Supplied records:
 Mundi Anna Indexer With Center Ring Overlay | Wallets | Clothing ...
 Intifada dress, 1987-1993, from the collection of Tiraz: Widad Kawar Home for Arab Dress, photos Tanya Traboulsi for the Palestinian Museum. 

--

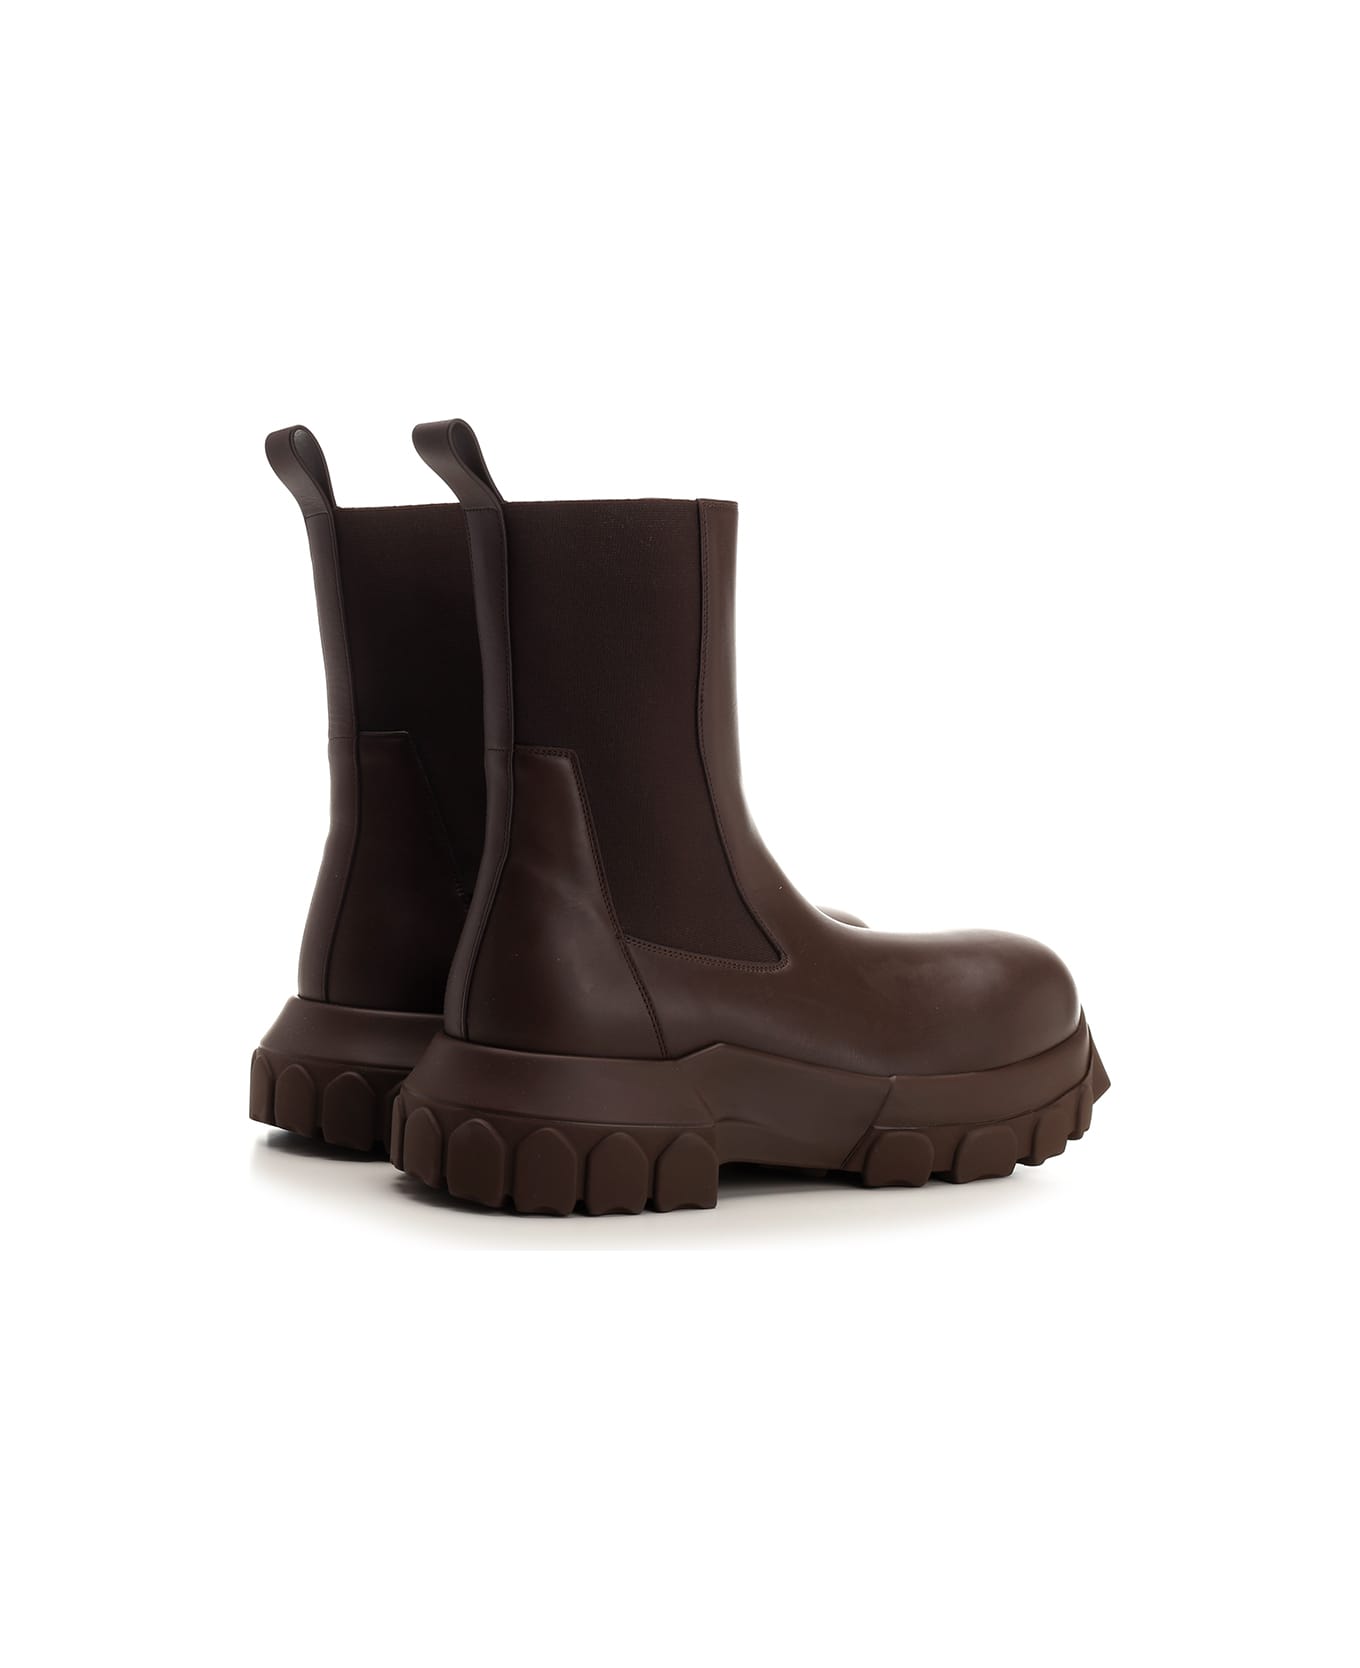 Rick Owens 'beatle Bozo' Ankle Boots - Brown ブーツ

Activity: After locating the line with "Mundi Anna Indexer" above, return that line and every later line through the one with "Intifada dress, 1987-1993, from", word for word and with nothing else.

Solution to this problem:
 Mundi Anna Indexer With Center Ring Overlay | Wallets | Clothing ...
 Intifada dress, 1987-1993, from the collection of Tiraz: Widad Kawar Home for Arab Dress, photos Tanya Traboulsi for the Palestinian Museum. 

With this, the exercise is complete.